Goya Awards: bulls, religion, bison and the brand new folklore of Spanish cinema | Culture | EUROtoday

It is curious that when thanking the perfect movie award for On Sundays, function movie that this weekend gained probably the most related awards on the final Goya gala, one in every of its producers, Sandra Hermida, spoke of “the intimate as political.” It is curious as a result of Albert Serra had additionally used the idea of “intimacy” in his speech for the Goya for greatest documentary initially of the 40 years of the Spanish movie trade awards.

Serra achieved his first Goya for the distinctive Lonely afternoons and mentioned: “Today we talk about many political issues here and this film, in a modest way, deals with how the political and the ideological collide with intimacy…[Tardes de soledad] It talks about how a controversial topic that not everyone likes is experienced from intimacy.” Without saying the word, the director spoke of the rite of bullfighting. Without saying the word either, the creators of Sundays They referred to another type of national liturgy, that of the Catholic faith.
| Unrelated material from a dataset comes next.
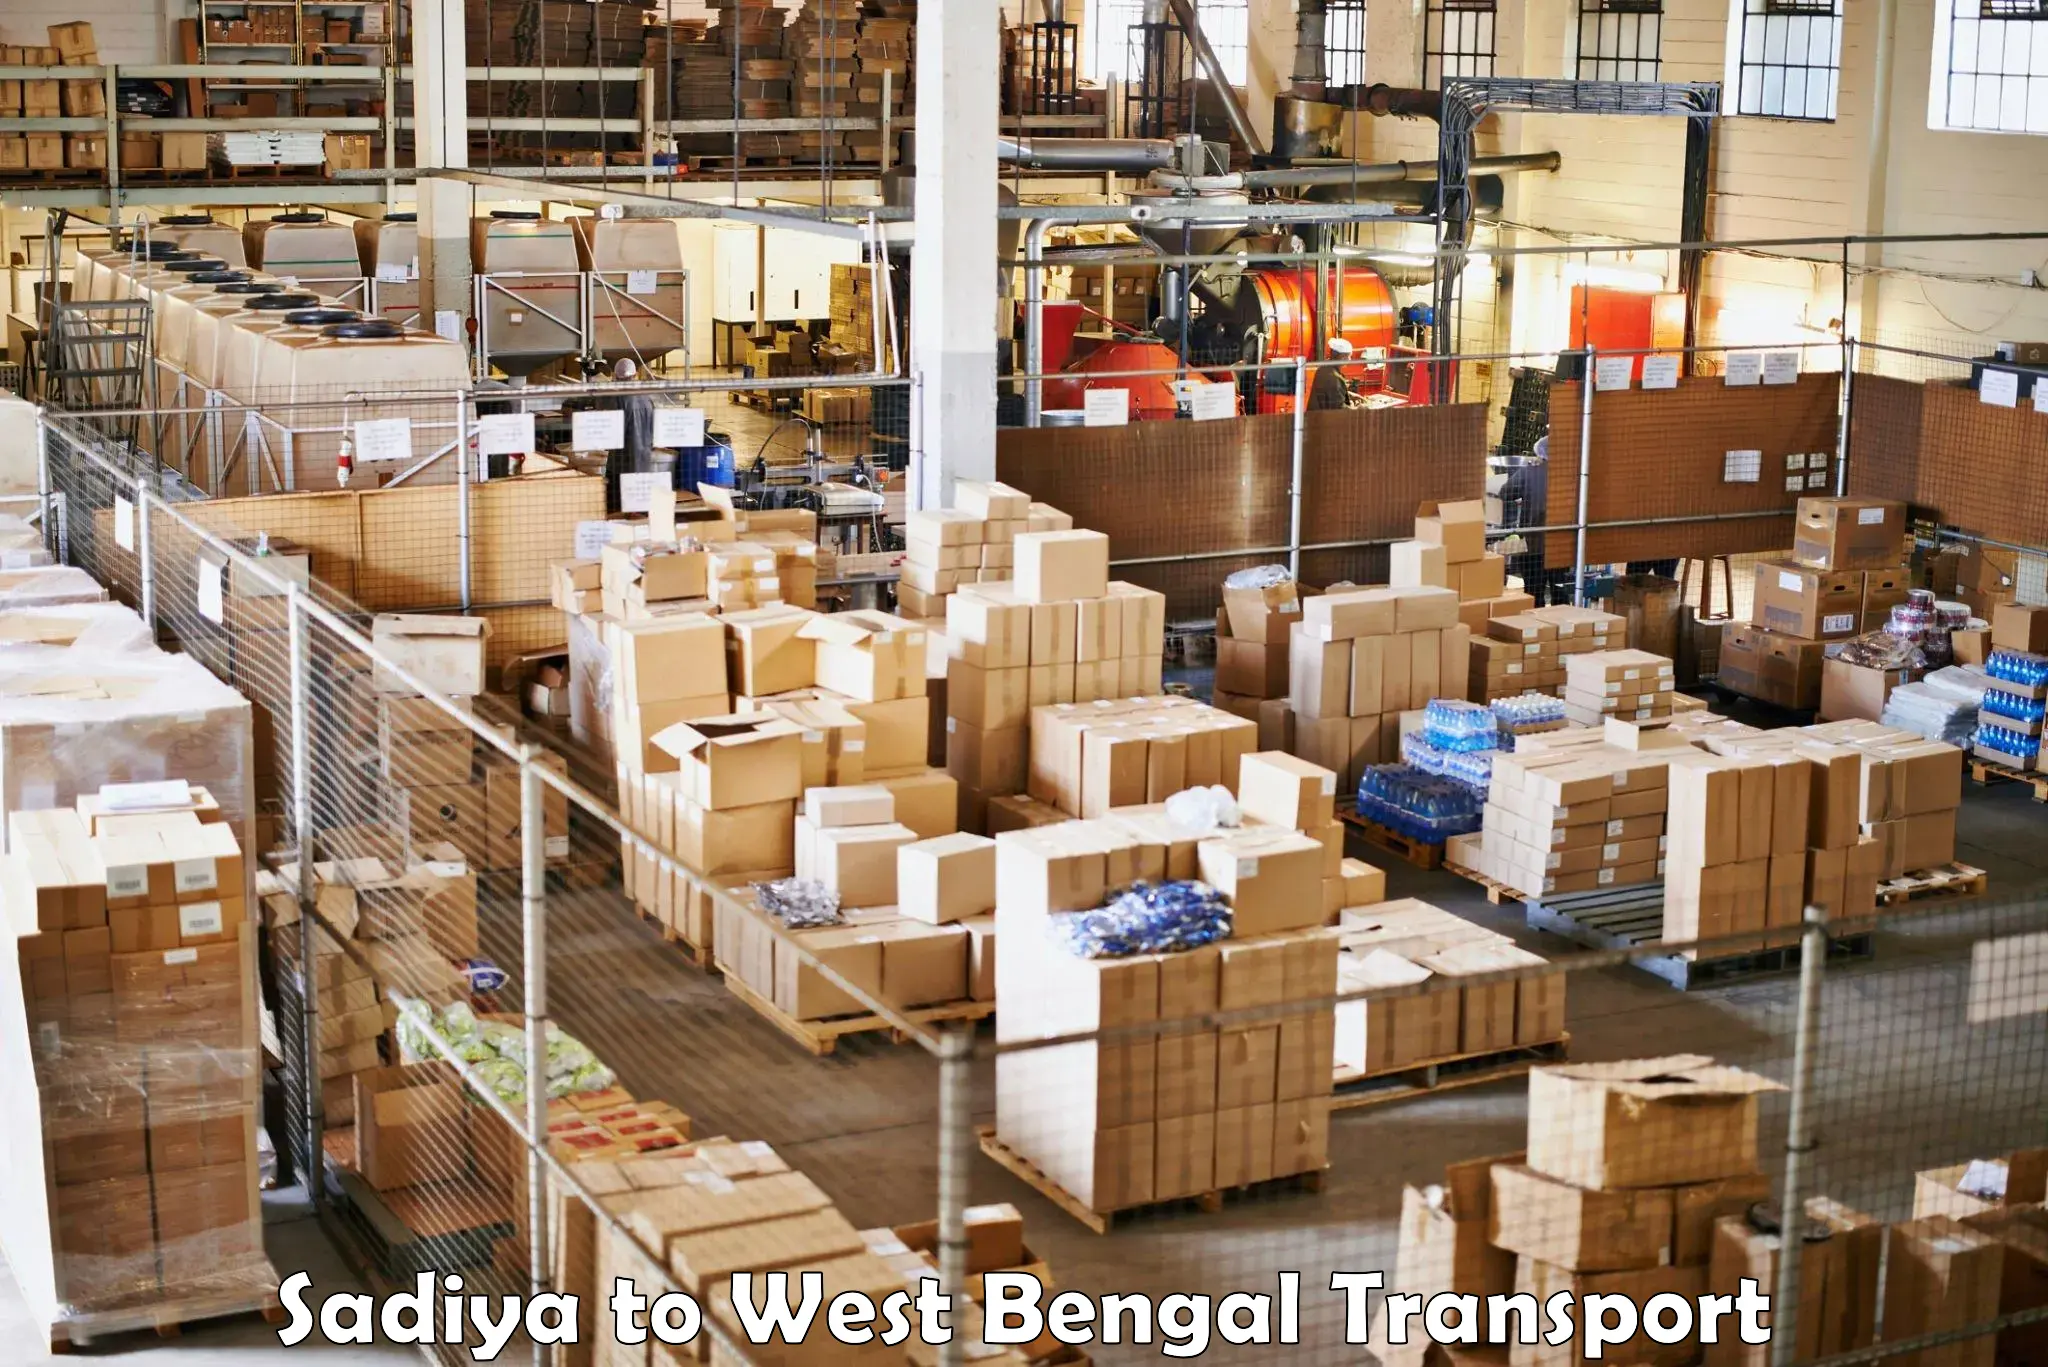 Air freight transport services Sadiya to West Bengal

That exploration of intimacy in Lonely afternoons explains the point of view of the film but raises some doubts in the case of Alauda Ruiz de Azúa’s vision of a teenager who decides to become a cloistered nun. The nuance between the intimate (always secret and enigmatic) and the personal or private (closer to the domestic and familiar) in this case matters. Both films, winners of the Golden Shell in consecutive years at the San Sebastián festival, move around religious and ritual concepts, but while Serra manages to bring us closer through his meticulous observation to the antagonistic and brutal mystery of the bulls, that of the animal and that of the bullfighter, Sundays It is narratively confusing and problematic with the spiritual enigma that surrounds its protagonist. It is the main Achilles heel of the winner of some Goya (best film; direction; original screenplay; actress, Patricia López Arnaiz; and supporting cast, Nagore Aramburu) that replicated almost to the letter the pools that gave the winner to Sundays against its main rival, Sirât, by Oliver Laxe.

In a gala that served as a loudspeaker for different social and political causes, held on the same day that the United States was rushing into a new war in the Middle East, the film that best represents and confronts this unbridled present was left without any of the main awards. Sirât He obtained more goyas, six – best sound, editing, soundtrack, production direction, photography and art direction – but despite his extraordinary international career and his election to represent Spain in the next Oscars, the 3,000 members of the Academy left Laxe, director and co-writer, out of the list of winners. The contradiction is not new and, nevertheless, Sirât He had his recognition. Its winners used the words “journey” and “adventure” to clarify the expertise of this formidable movie, and its musician, Kangding Ray, intoned his dedication to all of the ravers of the world: “because we dance together and we resist together.”

The harvest of Spanish cinema of 2025, like the international one, deserves applause. Films that asked for more coverage have been left out, such as The good lyrics, by Celia Rico, the Pilgrimage, by Carla Simón, but there was a lot to choose from and it is difficult to refute the place occupied by a debut film as delicate as Deafwhich received three goyas: best supporting actor for Álvaro Cervantes, best new actress for Miriam Garlo, and best new director for Eva Libertad. The moving Maspalomas It took the award for its main actor, Jose Ramon Soroiz, as could not be expected. Its cast works like clockwork. So much Deaf as Maspalomas They bring us closer to invisible realities. Manuel Gómez Pereira and Joaquín Oristrell won the Goya for best adapted script for the funny The Dinner and they denounced another type of invisibility, that of comedy.

Flowers for Antonio It was a candidate for best documentary but the academics, wisely, chose Serra and gave Alba Flores and Sílvia Pérez Cruz the award for best song. His speech shone with its own light. It was one of the most emotional moments of the gala. Through the wise hand of Pérez Cruz, Antonio Flores’ daughter has discovered her own voice and to achieve this she has faced mourning for the death of her father, her orphanhood and even the all-powerful figure of her grandmother, another icon of our culture reviewed from an intimate truth.

The Goya awarded works around Spanish identity pillars such as bulls, the church or even the Flores family, but the always questioned place of Spanish cinema itself in our culture remained up in the air. The president of the Academy, Fernando Méndez-Leite, said goodbye to his position, accepting with resignation that today there is more talk about “movies” than “movies.” And the honorary winner, Gonzalo Suárez, defended the validity of this art despite the attacks of the passage of time: “Cinema is the final refuge for daydreaming. And this takes me again to that first bison that the ancestors painted within the caves. I’m proud that cinema has survived the networks and the caves, though now the bison is me.”